--- START ---
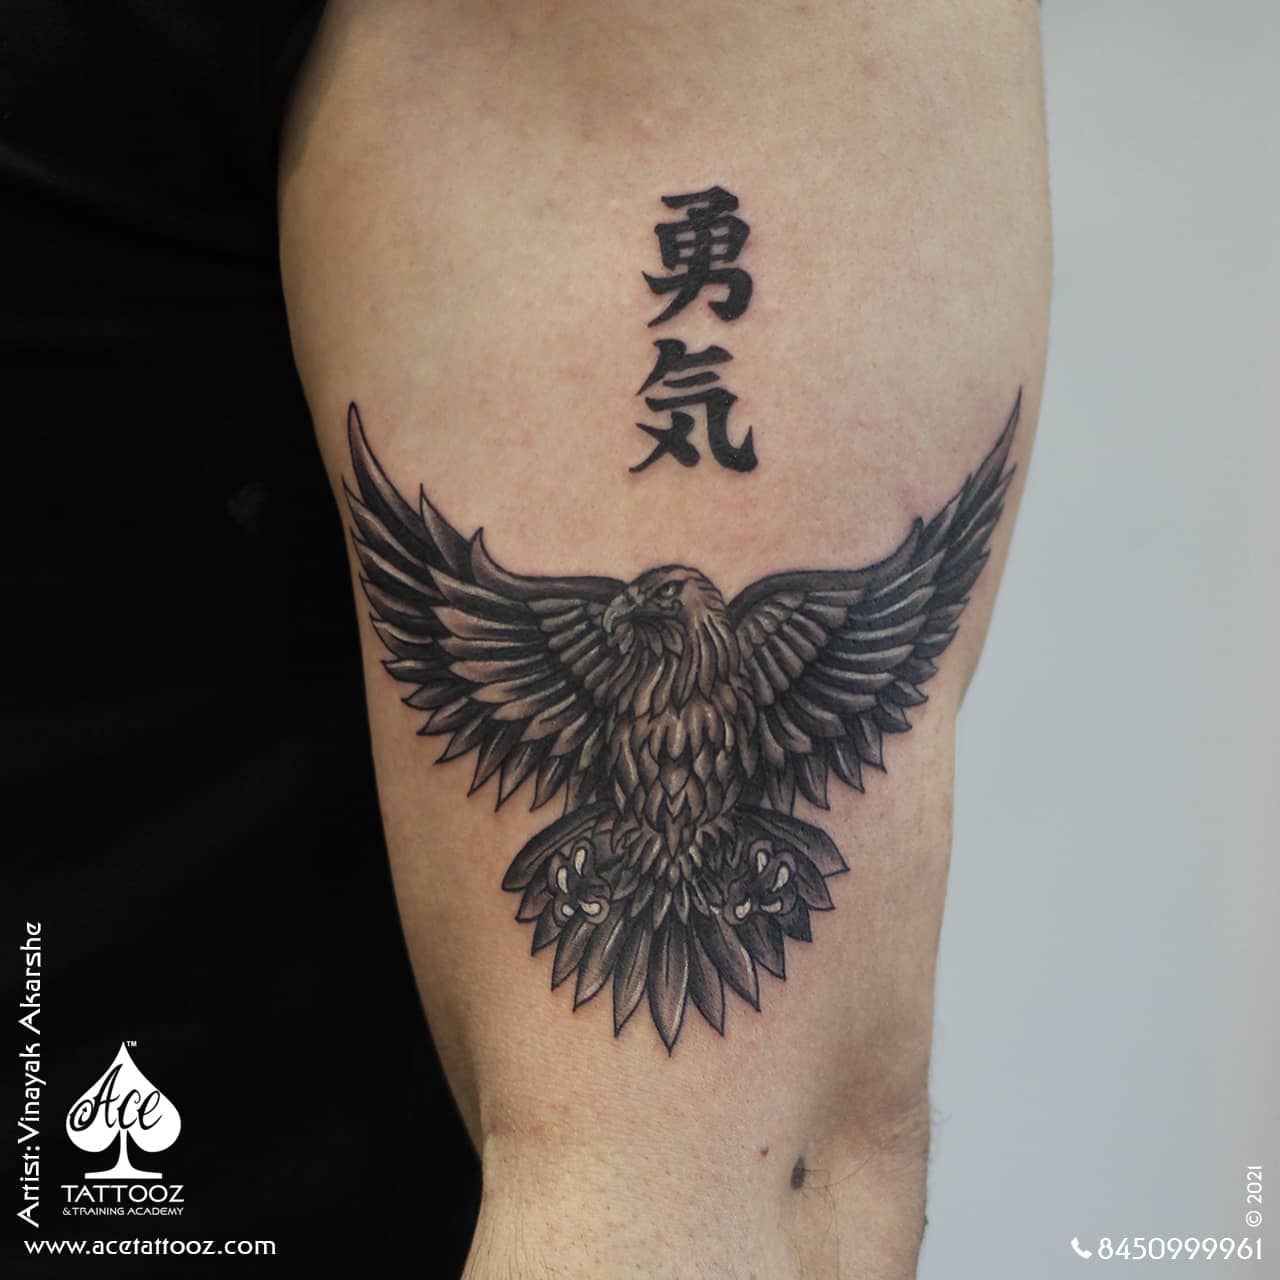 It takes courage to grow up and become who you really are.
The client wanted to write courage in one of the Language he loved the most and Got it done in the Japanese language 😍
Tattoo done by  @vinayak_b.e.a.r.d.e.d at @acetattooz

#tattoolife #tattoolovers #Tattoo #Tattoostudio #couragetattoo #mumbaiartist #mumbaitattoo #tattooworld #customizedtattoo #tattoodesign #tattooink #tattooideas #tattoolifestyle
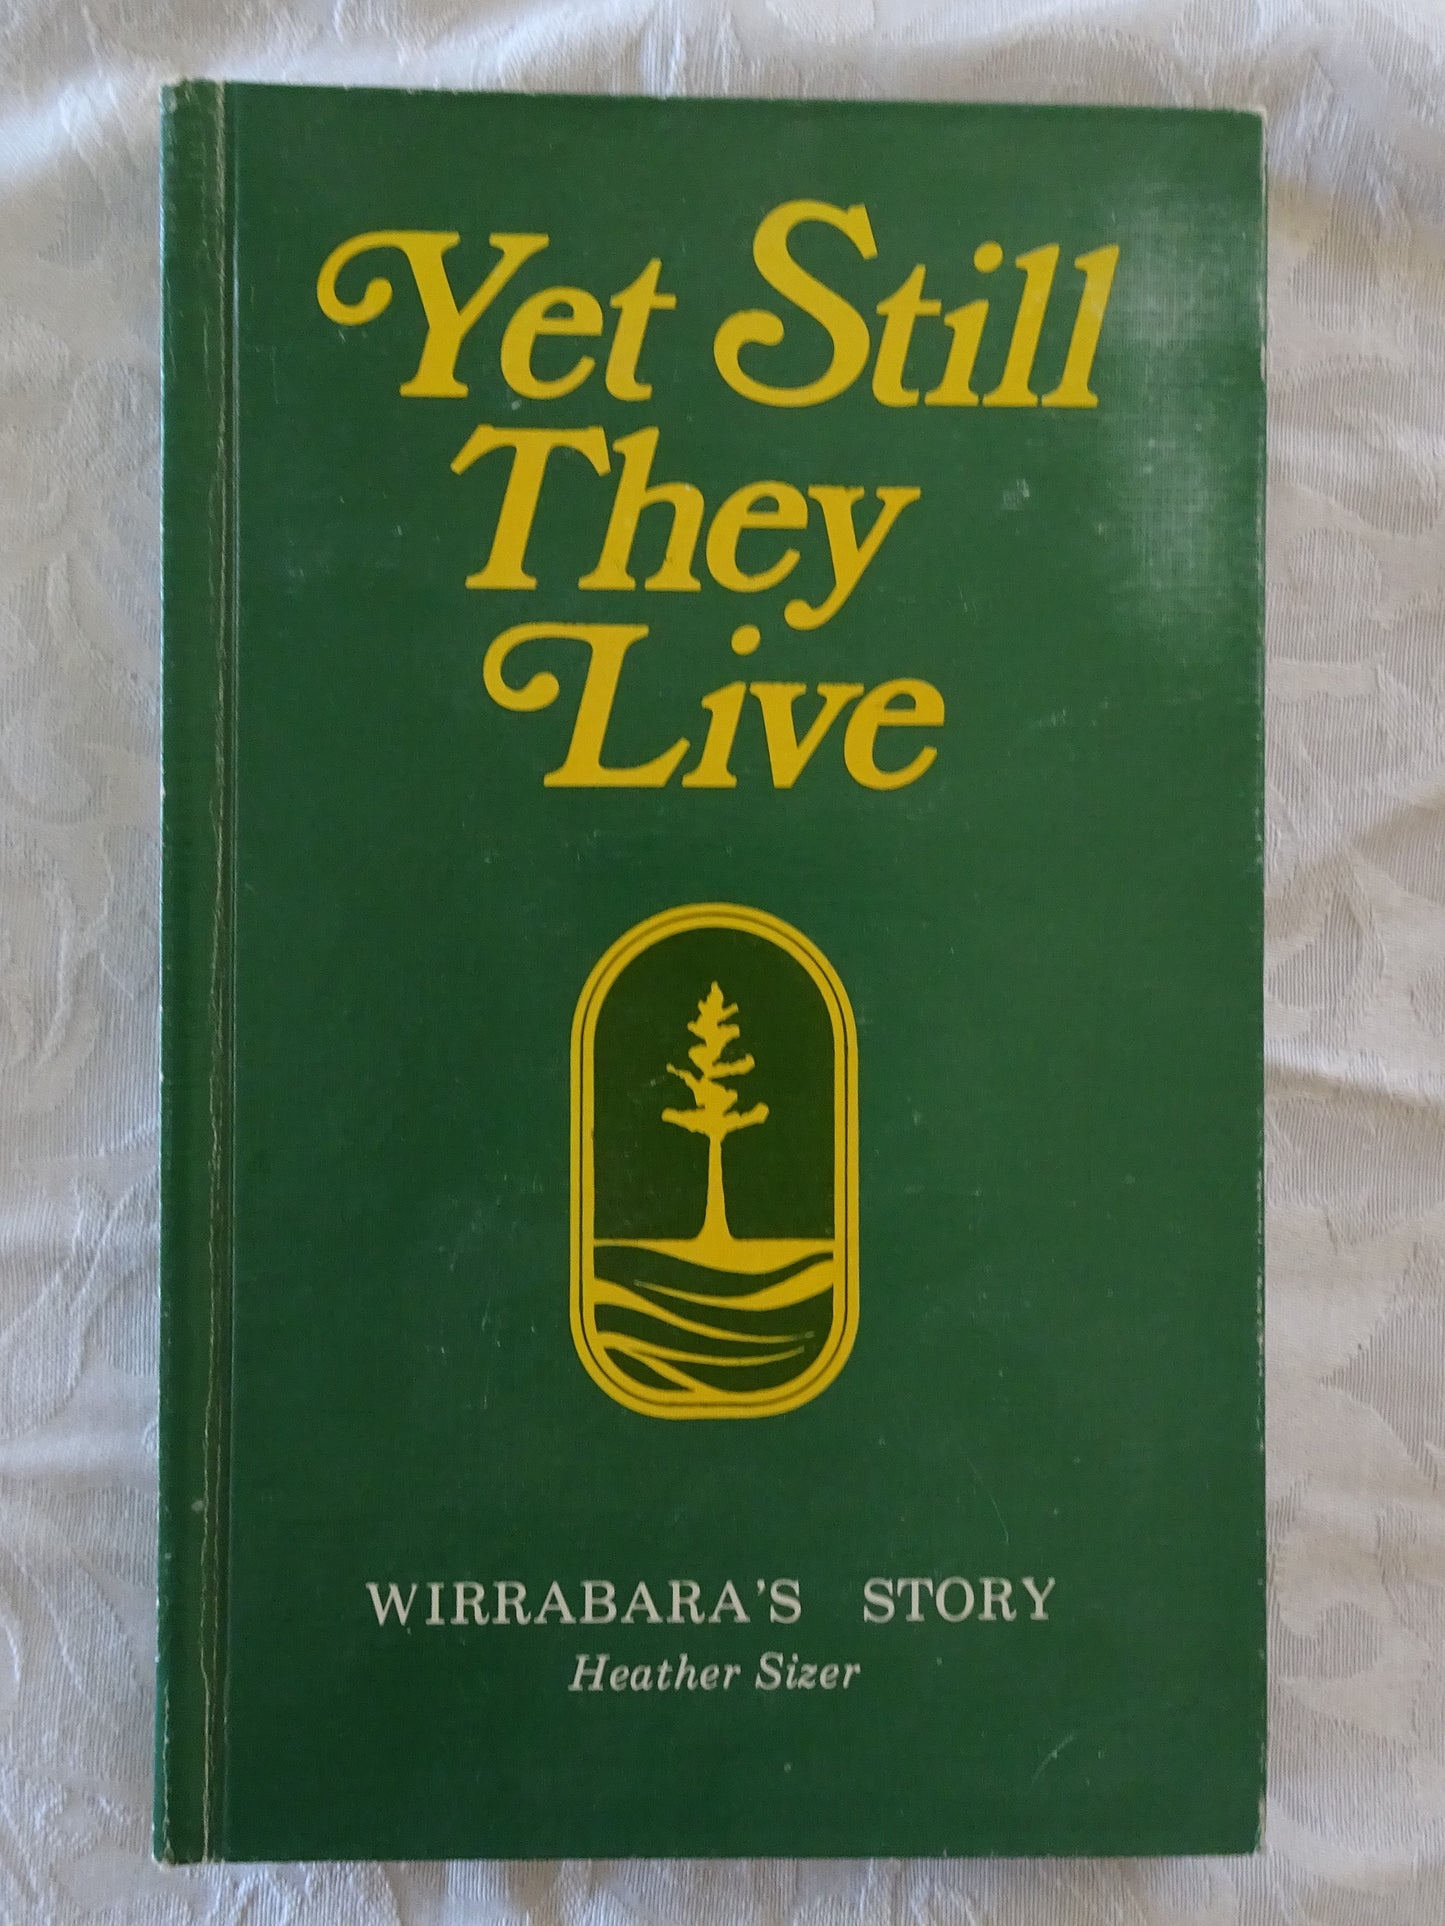 Yet Still They Live by Heather Sizer
--- END ---
— ASSIGNMENT —
Please give back every line above exactly as it stands, without pictures.

— YOUR RESPONSE —
 It takes courage to grow up and become who you really are.
The client wanted to write courage in one of the Language he loved the most and Got it done in the Japanese language 😍
Tattoo done by  @vinayak_b.e.a.r.d.e.d at @acetattooz

#tattoolife #tattoolovers #Tattoo #Tattoostudio #couragetattoo #mumbaiartist #mumbaitattoo #tattooworld #customizedtattoo #tattoodesign #tattooink #tattooideas #tattoolifestyle
 Yet Still They Live by Heather Sizer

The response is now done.